A robot that has been developed by the Japanese Mitsubishi Research Institute administers sterilizing medication to soil. Laser triangulation guidance allows the machine to calculate and modify its position in constrained spaces. There is an addition of chemicals to the soil after cultivation to combat weeds, bacteria, fungi, and viruses.

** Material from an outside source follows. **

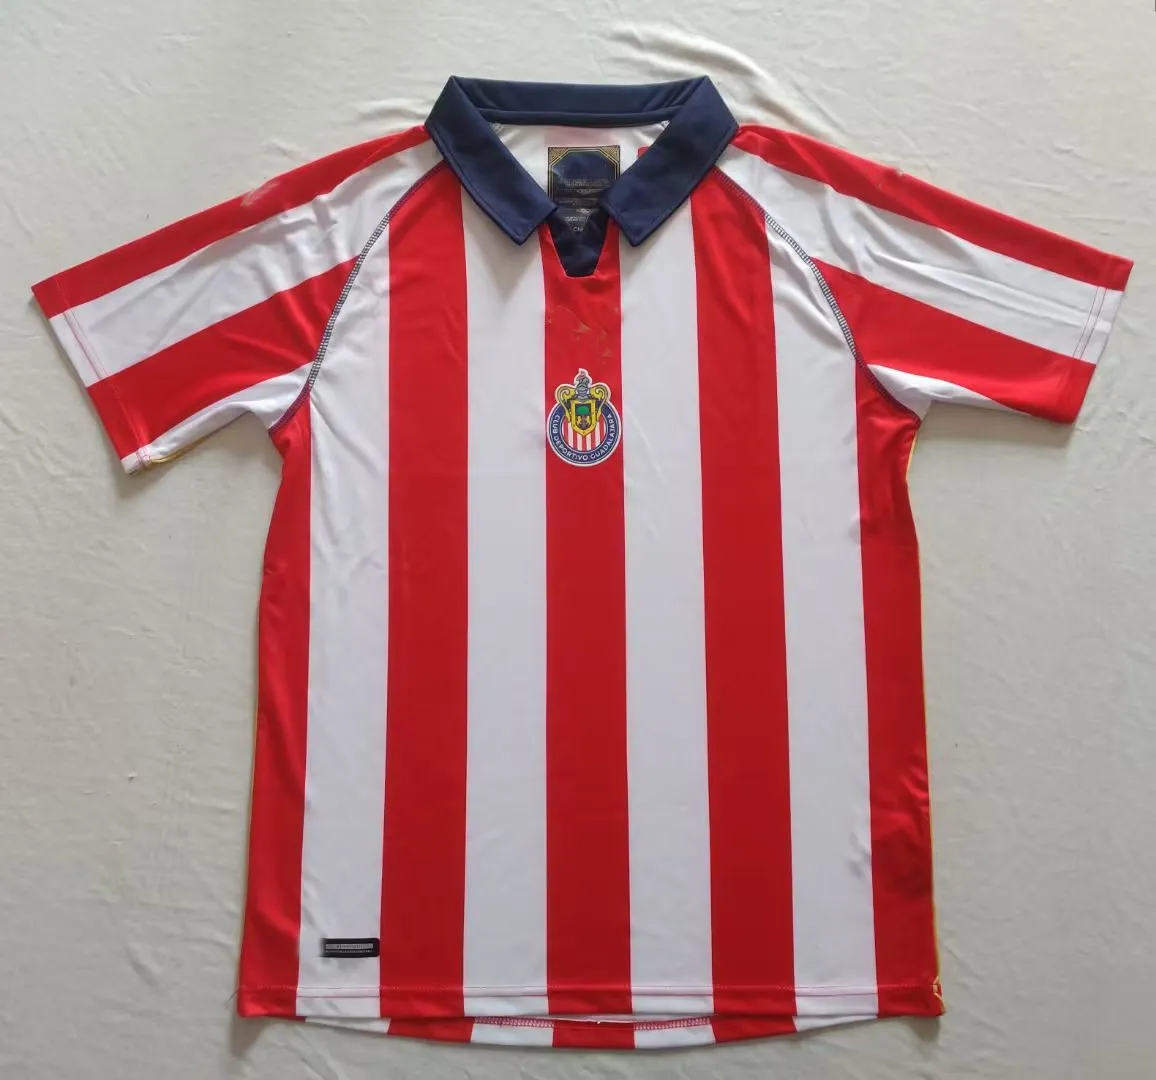 Chivas記念版サッカージャージーグアダラハラメンズホームアウェイ

Suppose that five robots (alternatives) are represented by $\mathscr{B} = \{\mathscr{B}_1, \mathscr{B}_2, \mathscr{B}_3, \mathscr{B}_4, \mathscr{B}_5 \}$ . Four attributes are considered; robot controller features $(\mathscr{Z}_{1})$ , affordable off line programming software $(\mathscr{Z}_{2})$ , safety codes $(\mathscr{Z}_{3})$ , experience and reputation of the robot manufacturer $(\mathscr{Z}_{4})$ . In this example, the weights of $\mathscr{Z}_{1}, \mathscr{Z}_{2}, \mathscr{Z}_{3}, \mathscr{Z}_{4}$ are 0.4, 0.3, 0.2 and 0.1, respectively. Next, this study employs the methodology developed in order to arrive at the most optimal solution. One must consider different alternatives.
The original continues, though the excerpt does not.